Hand-Steer Sim — Real-Time Gesture Teleoperation for Mobile Robots

Hand-Steer Sim is a vision-only teleoperation stack that converts webcam/RealSense video into ROS geometry_msgs/Twist commands for differential-drive robots. It supports two modes—(1) discrete hand-sign driving and (2) a steering-wheel metaphor that gates turn commands behind a Holding Wheel pose—using MediaPipe landmarks and compact TFLite models. Includes data recording GUI, training notebooks, Docker (CPU/GPU), and Gazebo integration.

GitHub Repo   Final Report (PDF)


1. Overview & Motivation

Hand-Steer Sim is a gesture-based robot teleoperation system that uses a simple webcam (or RealSense) to control differential-drive robots in real time—no joystick required.

Two control modes are supported:

  • Static (discrete) mode: single-frame hand signs are translated into incremental Twist updates (forward/back, turning, stop).
  • Steering mode: a “hands-on-wheel” pose enables dynamic steering gestures, while static gestures control speed.

It combines MediaPipe hand tracking with lightweight neural models to recognize both static commands (e.g., Stop, Speed Up) and steering gestures (e.g., Turn Left). Outputs are published to /cmd_vel for use in Gazebo or real robots.
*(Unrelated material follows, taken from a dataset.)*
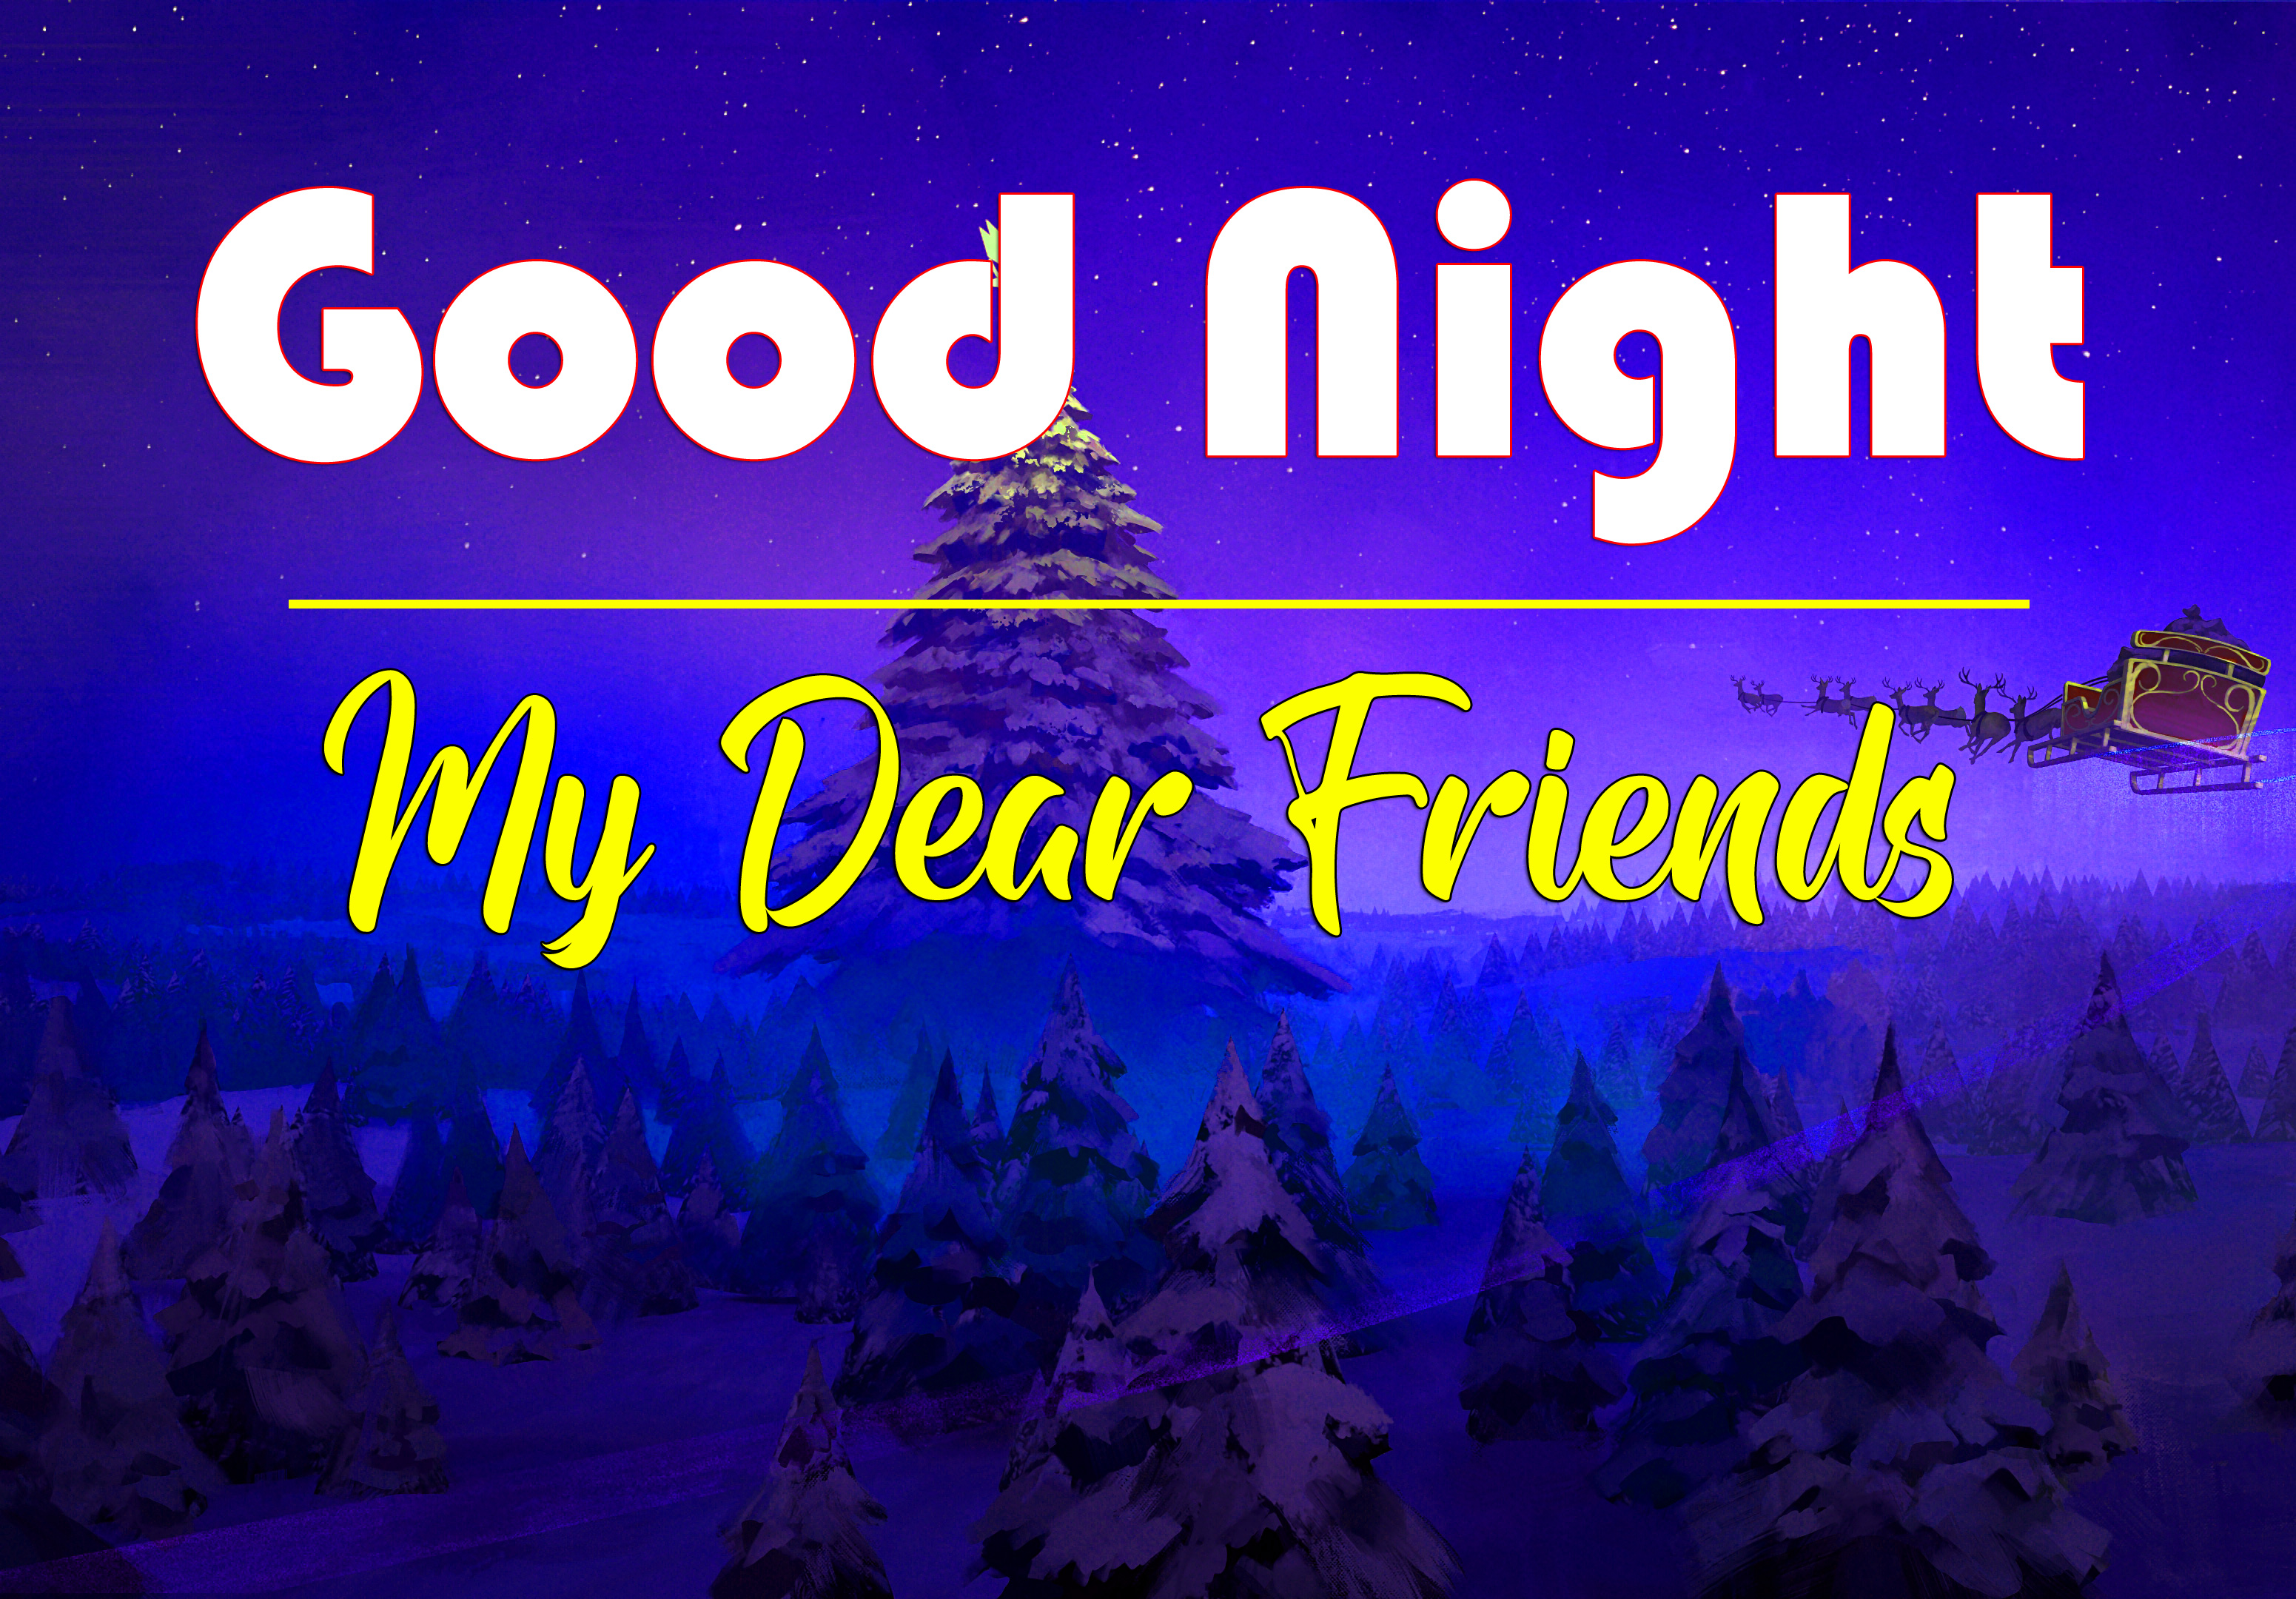 4k Good Night Images Wallpaper New Download

This project was developed as a solo capstone for EE417: Computer Vision at Sabancı University (Spring 2025) with the goal of making robot teleop:

  • Cheaper – no special hardware
  • Smarter – hybrid gesture control
  • Faster – 13 ms latency on GPU
  • Reproducible – Docker & training notebooks included

2. System Design

Hand-Steer Sim is structured as a modular ROS Noetic pipeline, with each major component—vision input, gesture inference, command fusion, and velocity output—implemented as an independent ROS node.

Topic flow

  • Camera: hsim_camera_pub publishes sensor_msgs/Image on /image_raw (webcam or RealSense).
  • Static mode: hsim_hand_sign publishes /gesture/hand_sign; hsim_gest2twist subscribes and publishes Twist to the robot controller.
  • Steering mode: hsim_steer_sign publishes /gesture/steering_static and /gesture/steering_dyn; hsim_wheel2twist subscribes to both and publishes Twist (turn commands only when Holding Wheel is active).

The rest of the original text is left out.